2. Taxability of payments made for the purchase of software from non-resident suppliers.
3. Obligation to deduct tax at source under section 195 of the Act.
4. Interpretation and application of Double Taxation Avoidance Agreements (DTAA).
5. Applicability of section 9(1)(vi) of the Income Tax Act regarding royalty payments.
6. Consequences of non-deduction of tax under section 201 of the Act.

Detailed Analysis:

1. Maintainability of Appeal under Section 248 of the Act:
The Tribunal was correct in holding that an appeal was maintainable under section 248 of the Act, even though there was no adjudication by the authorities under sections 195(3), (4), & (5) read with section 200 of the Act. The Tribunal's decision to remand the matter to the Commissioner of Income Tax (Appeals) for fresh disposal on its merits was upheld, confirming that the assessee, who had deducted and remitted the amount, was entitled to maintain an appeal.

2. Taxability of Payments for Software Purchase:
The Tribunal erred in holding that the payments made by the assessee company for the purchase of software were not liable to income tax in India. The payments were considered to be in the nature of royalty and thus taxable under section 9(1)(vi) of the Act. The Tribunal's decision was reversed, and it was held that the assessee was obligated to deduct tax at source.

3. Obligation to Deduct Tax at Source under Section 195:
The Tribunal was incorrect in merely following the judgment in the case of Samsung Electronics Co. Ltd. without recording an independent finding. The Tribunal's order was deemed perverse, and it was held that the assessee was bound to deduct tax at source under section 195 of the Act. The Tribunal's failure to consider the ruling of the Advance Ruling Authority and the provisions of the DTAA was also erroneous.

4. Interpretation and Application of DTAA:
The Tribunal should have taken into consideration the ruling of the Advance Ruling Authority, the DTAA between India and the respective countries, and the provisions of section 9(1)(vi) of the Act.

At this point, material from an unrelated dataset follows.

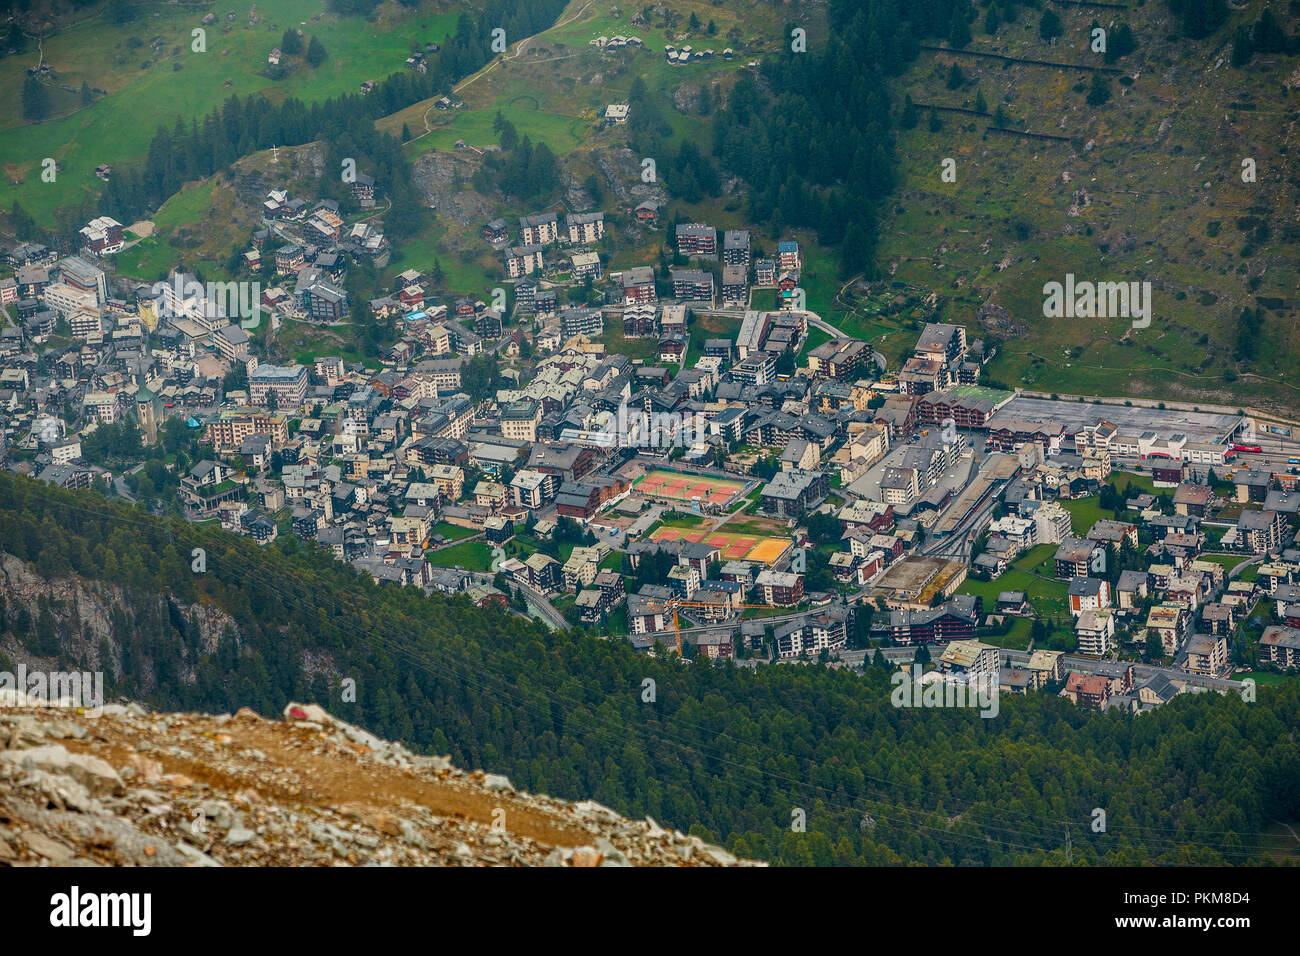 View of Zermatt. Swiss Alps. Valais. Switzerland. Europe. Stock Photo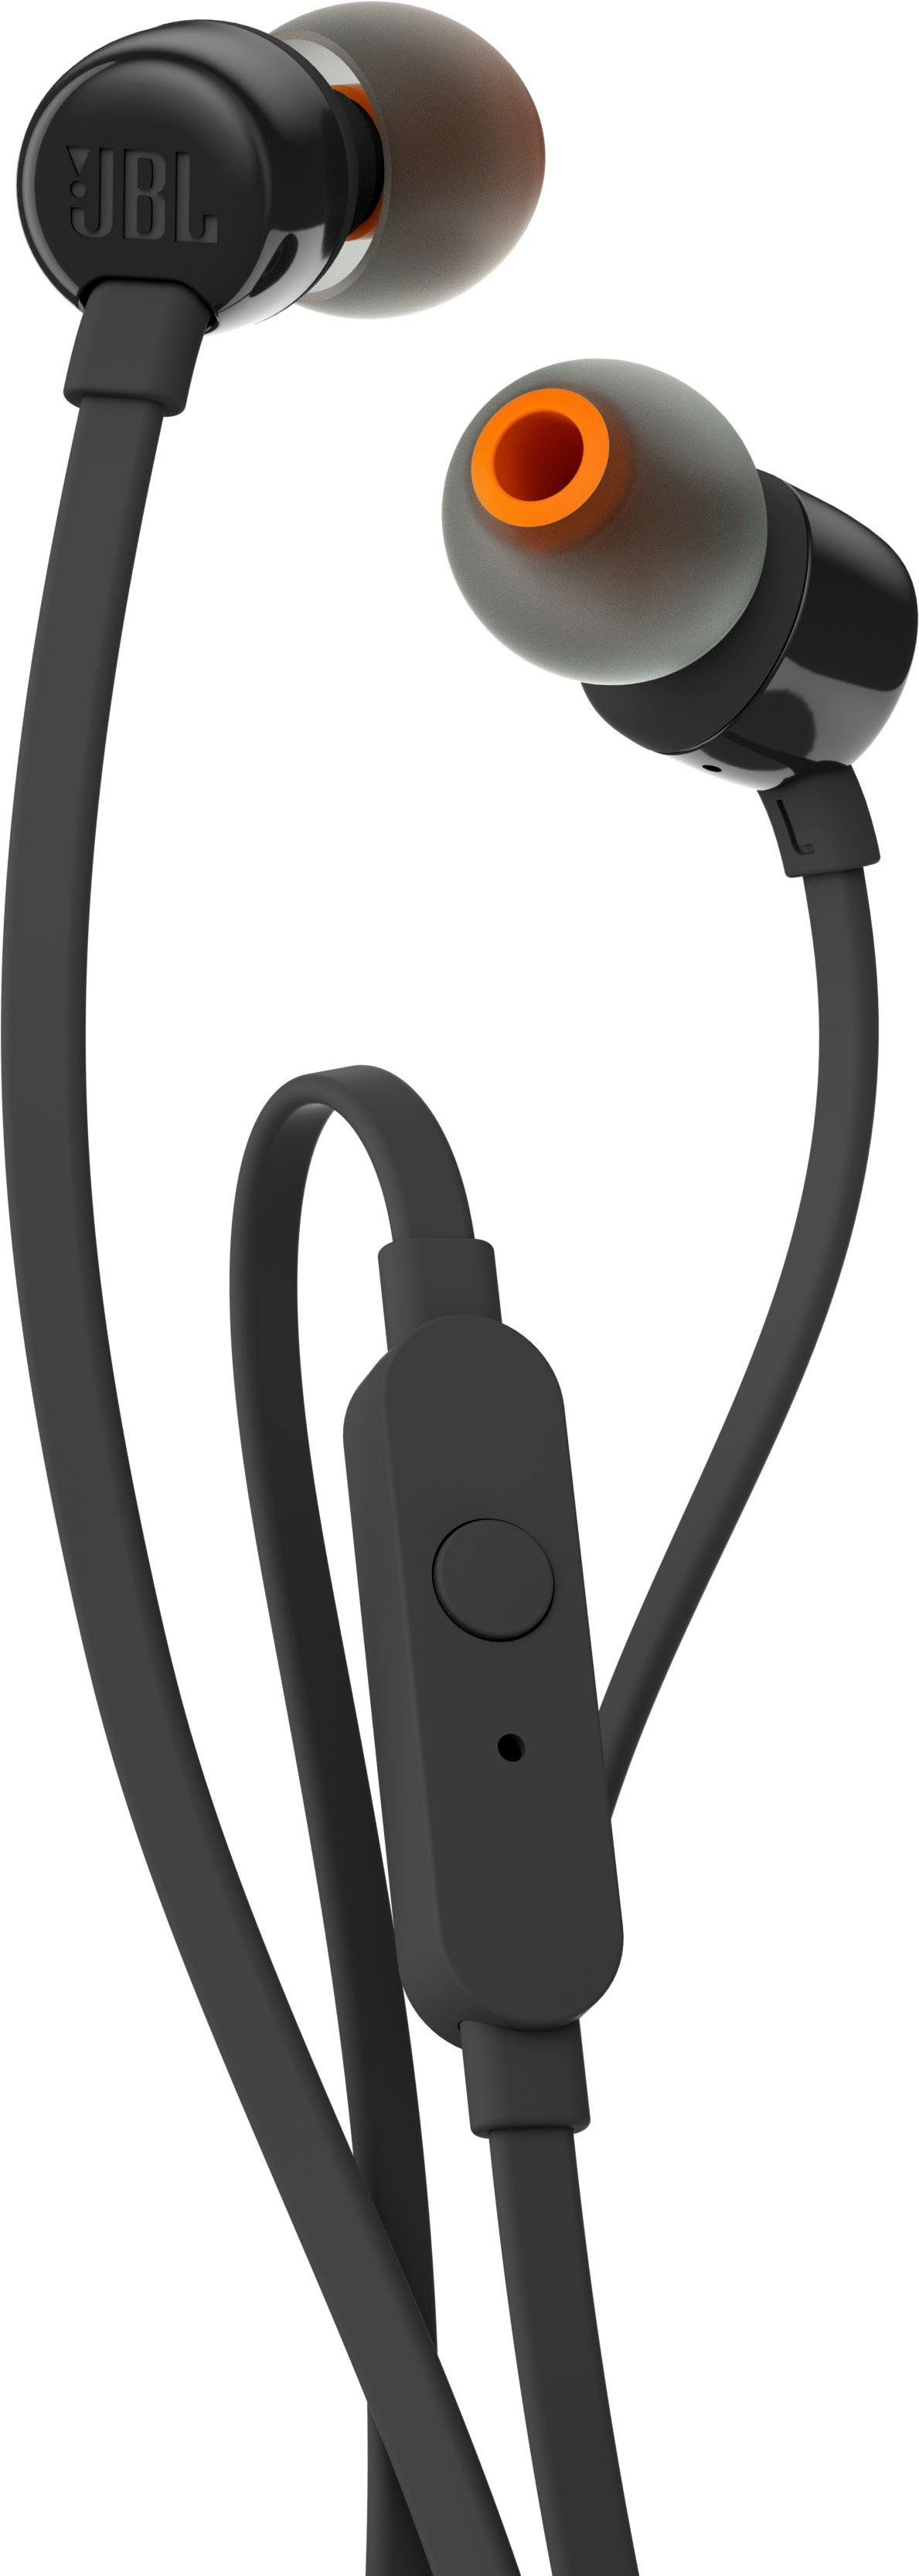 JBL T110 In-Ear-Kopfhörer schwarz | In-Ear-Kopfhörer

The Tribunal's decision was incorrect, and it was held that the payments made by the assessee were liable to tax in India, and the assessee was bound to deduct tax at source.

5. Applicability of Section 9(1)(vi) Regarding Royalty Payments:
The Tribunal was wrong in holding that the payment for the purchase of software did not constitute royalty. The Tribunal's interpretation that the payment was for the purchase of a copyrighted article and not the copyright itself was incorrect. The payment was deemed to be royalty under section 9(1)(vi) of the Act and the DTAA, and thus taxable in India.

6. Consequences of Non-Deduction of Tax under Section 201:
The Tribunal was incorrect in holding that the assessee could question the taxability of the recipient in proceedings under section 201(1) and 201(1A) of the Act. The assessee's failure to deduct tax at source without obtaining a certificate under section 195(2), (3), or (4) of the Act was not a sufficient reason to avoid the obligation. The Tribunal's decision was reversed, and it was held that the assessee was liable for the consequences of non-deduction of tax under section 201 of the Act.

Conclusion:
The appeals by the revenue were allowed, and the orders passed by the Tribunal were set aside. The orders of the assessing authorities and the first appellate authorities were restored, confirming the demand raised under section 201 of the Act for the failure of the assessees to comply with the requirement of section 195(1) of the Act.